WHAT YOU ARE ASKED TO DO:
Only the pictures should be dropped; every line of the data must come back exactly as written.

SOURCE MATERIAL:
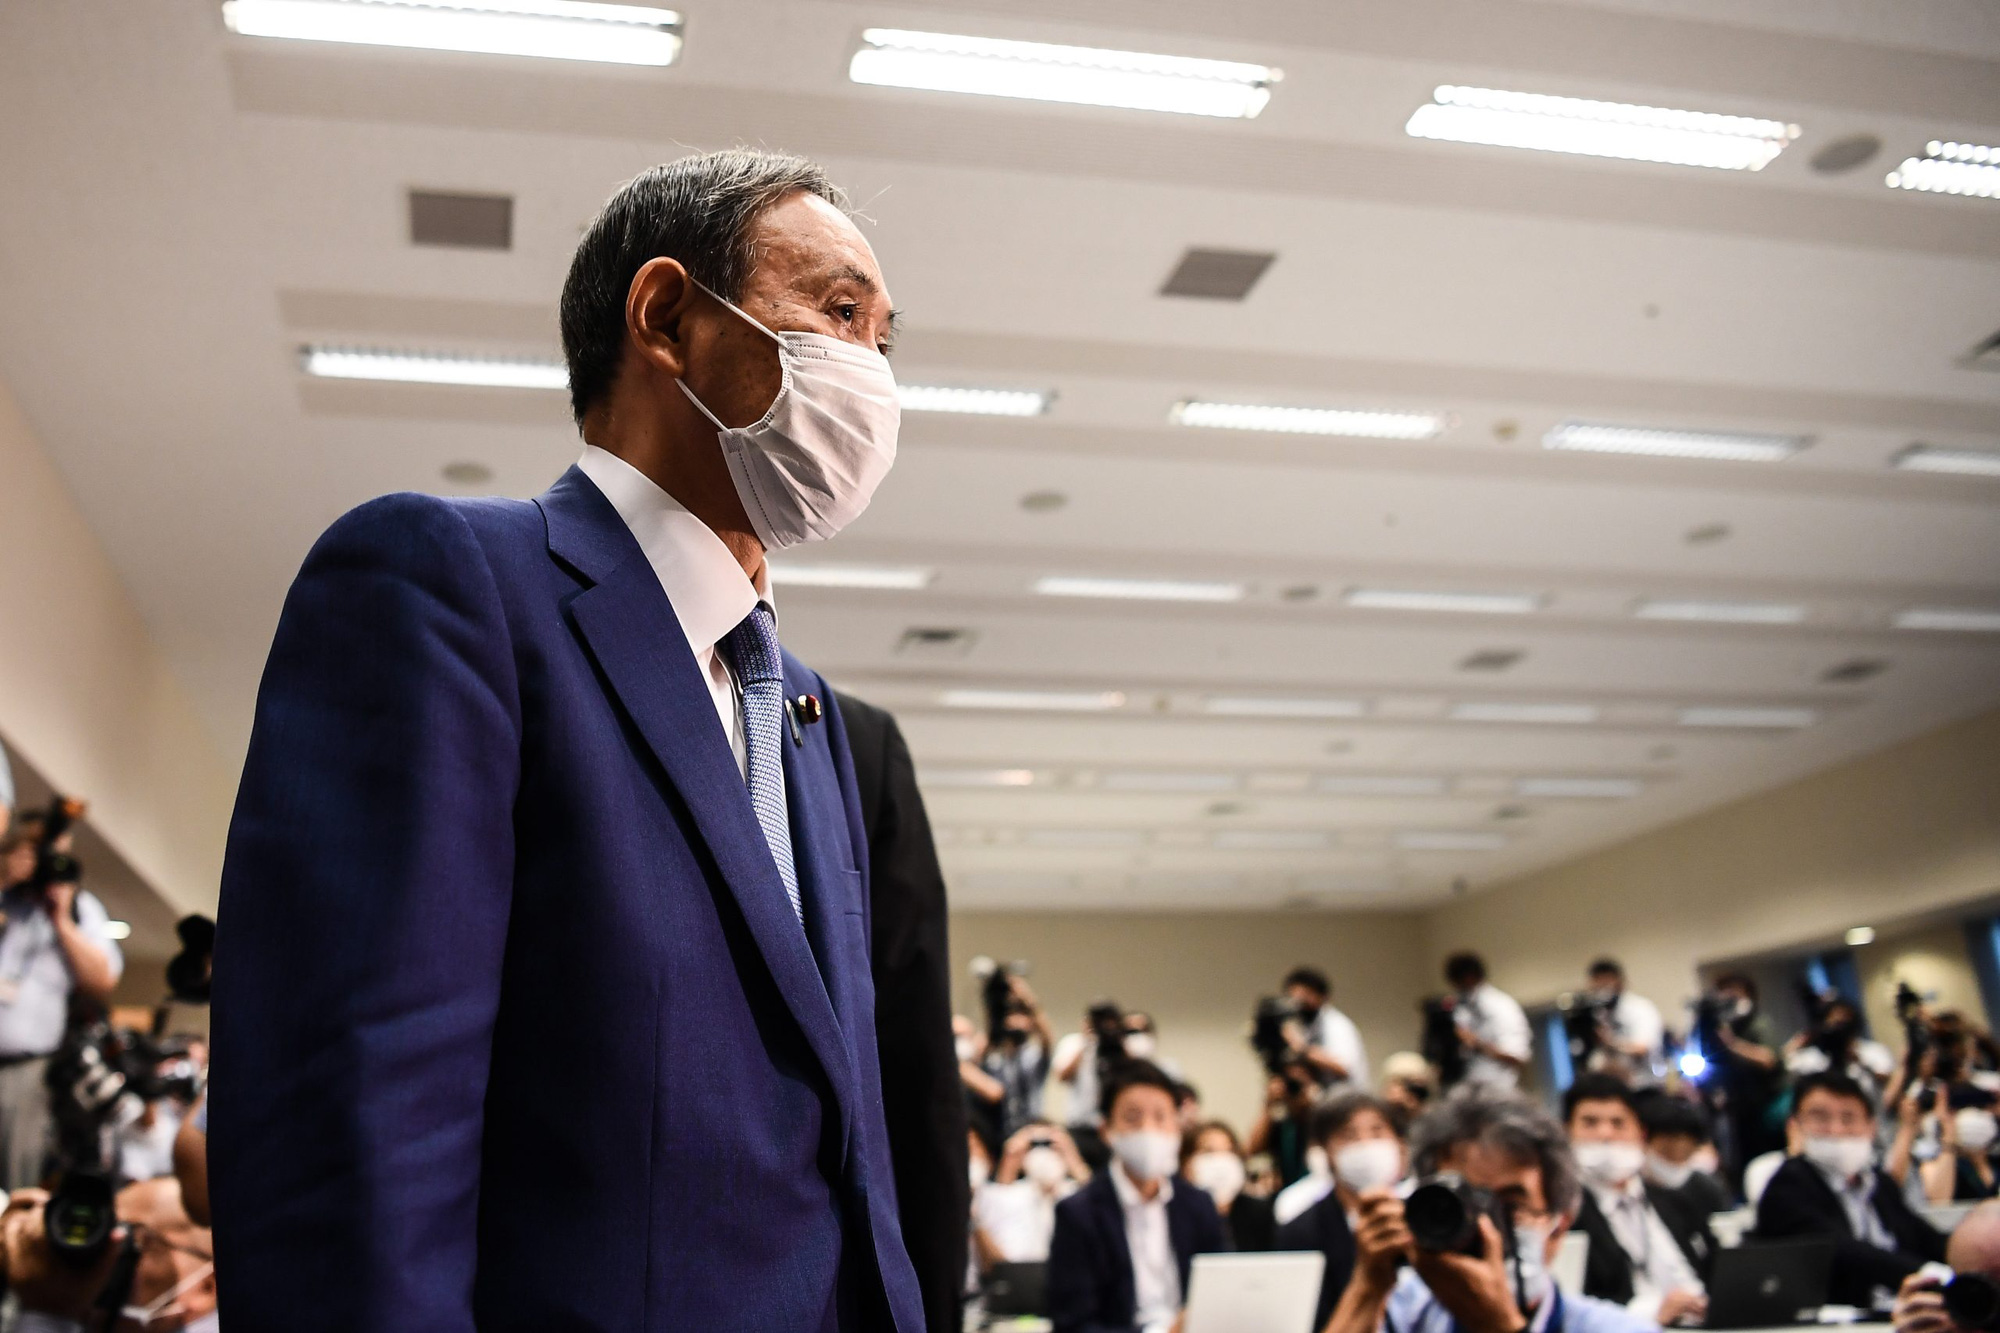 Cuộc sống lành mạnh của chính trị gia 71 tuổi sắp trở thành tân Thủ tướng Nhật Bản: Sáng đi bộ, đêm gập bụng, quyết tâm giảm 14 kg để tránh bệnh tật - Ảnh 4.
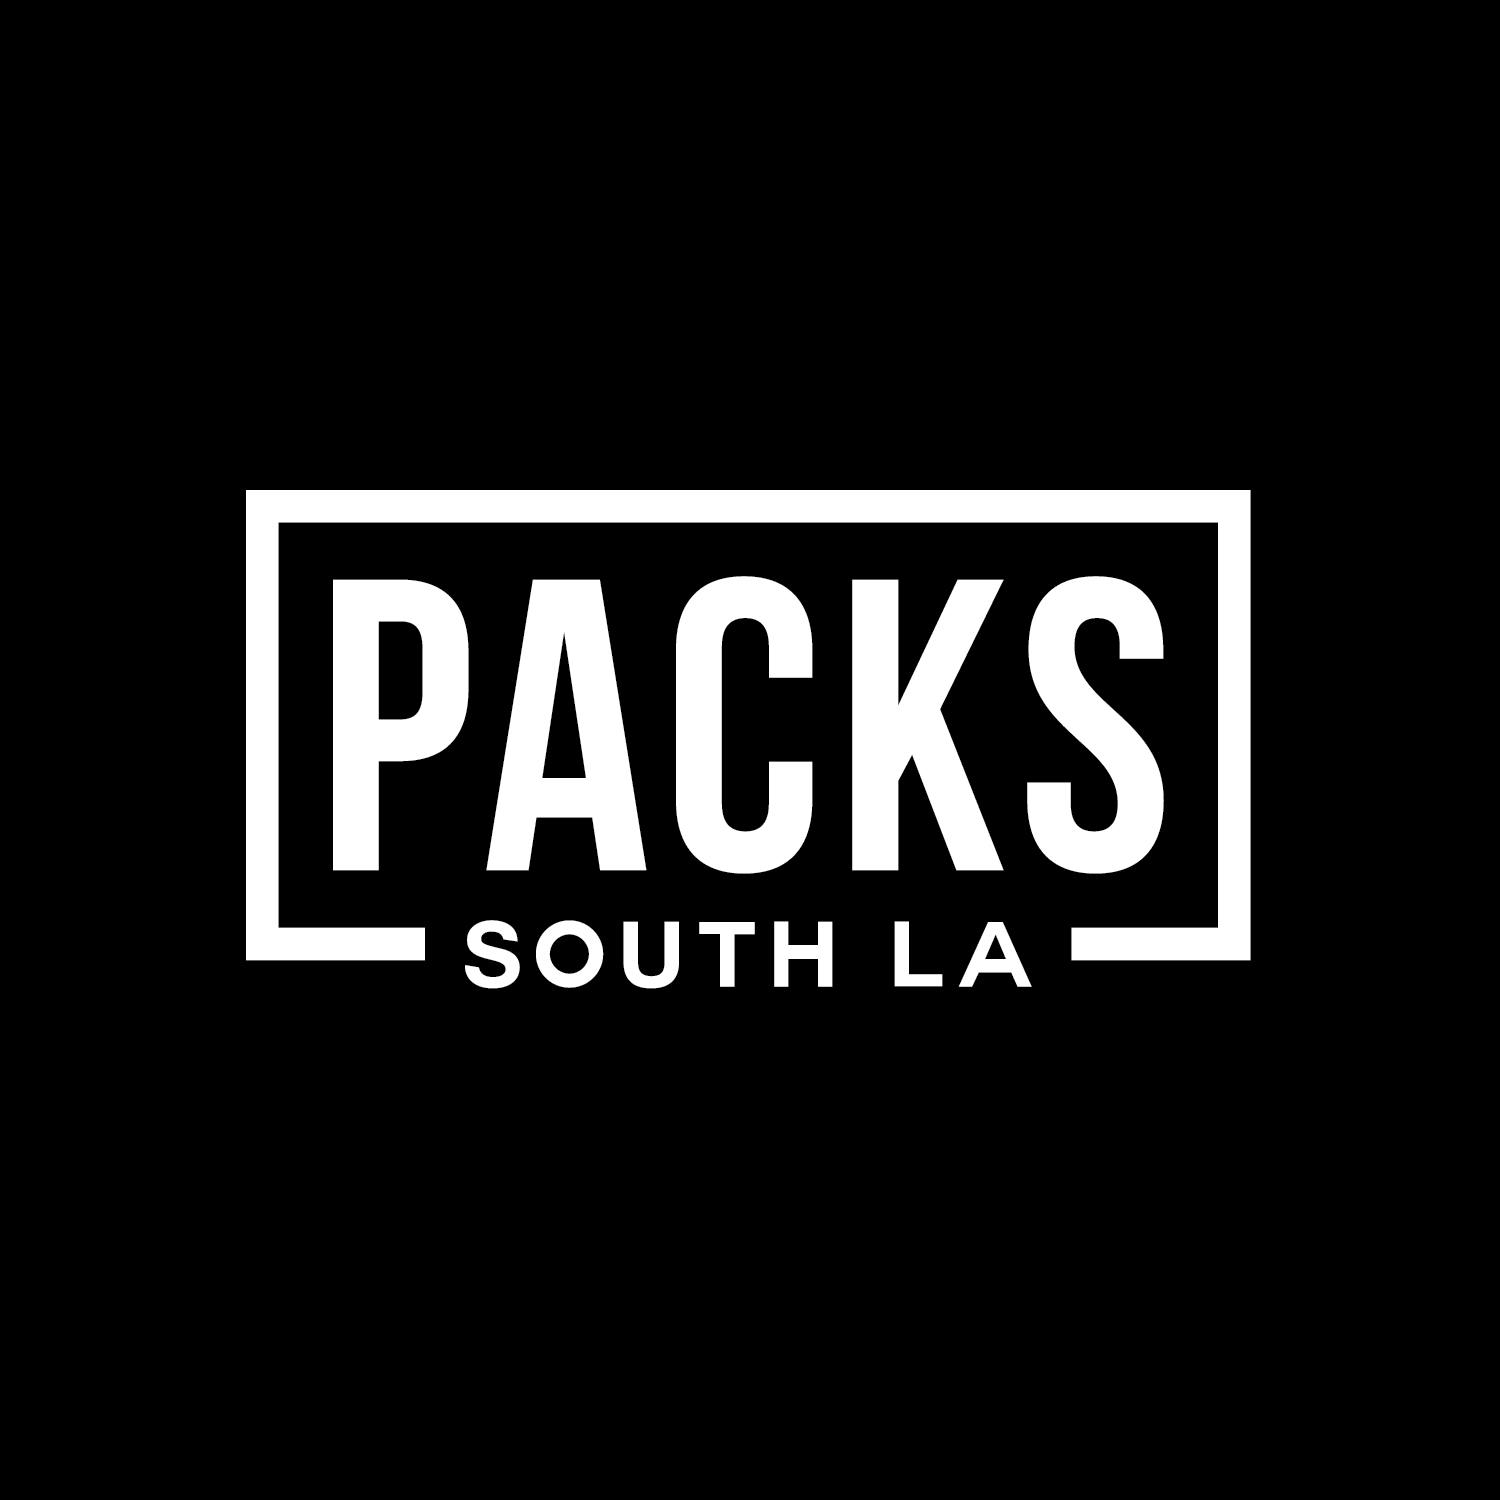 PACKS - SOUTH LA logo
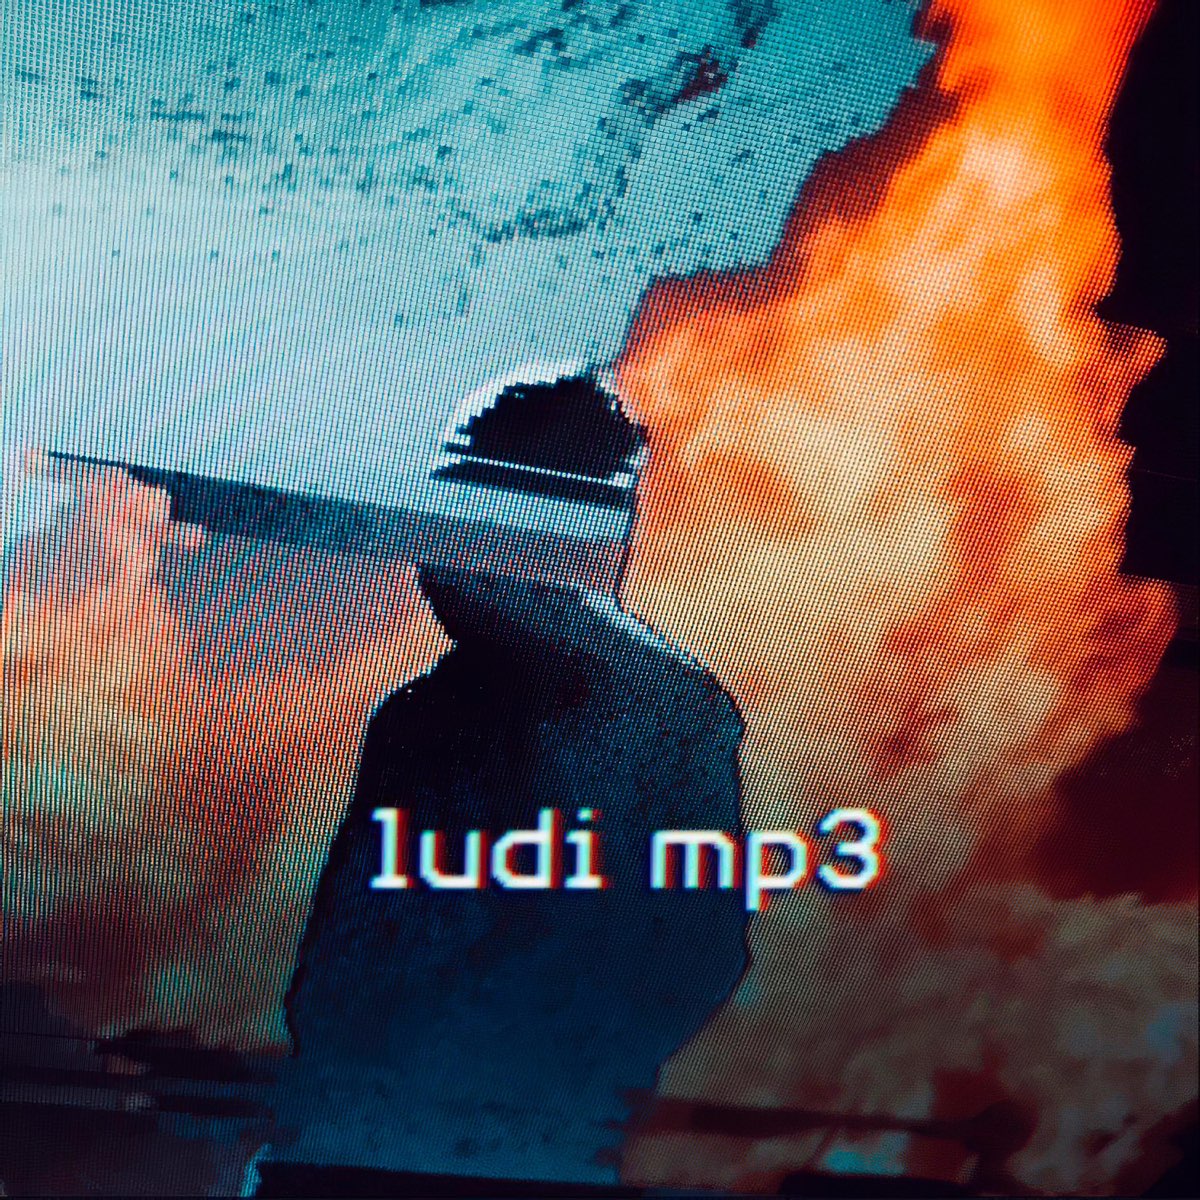 Ludi Mp3 - Single by ATXKA on Apple Music

EXPECTED OUTPUT:
 Cuộc sống lành mạnh của chính trị gia 71 tuổi sắp trở thành tân Thủ tướng Nhật Bản: Sáng đi bộ, đêm gập bụng, quyết tâm giảm 14 kg để tránh bệnh tật - Ảnh 4.
 PACKS - SOUTH LA logo
 Ludi Mp3 - Single by ATXKA on Apple Music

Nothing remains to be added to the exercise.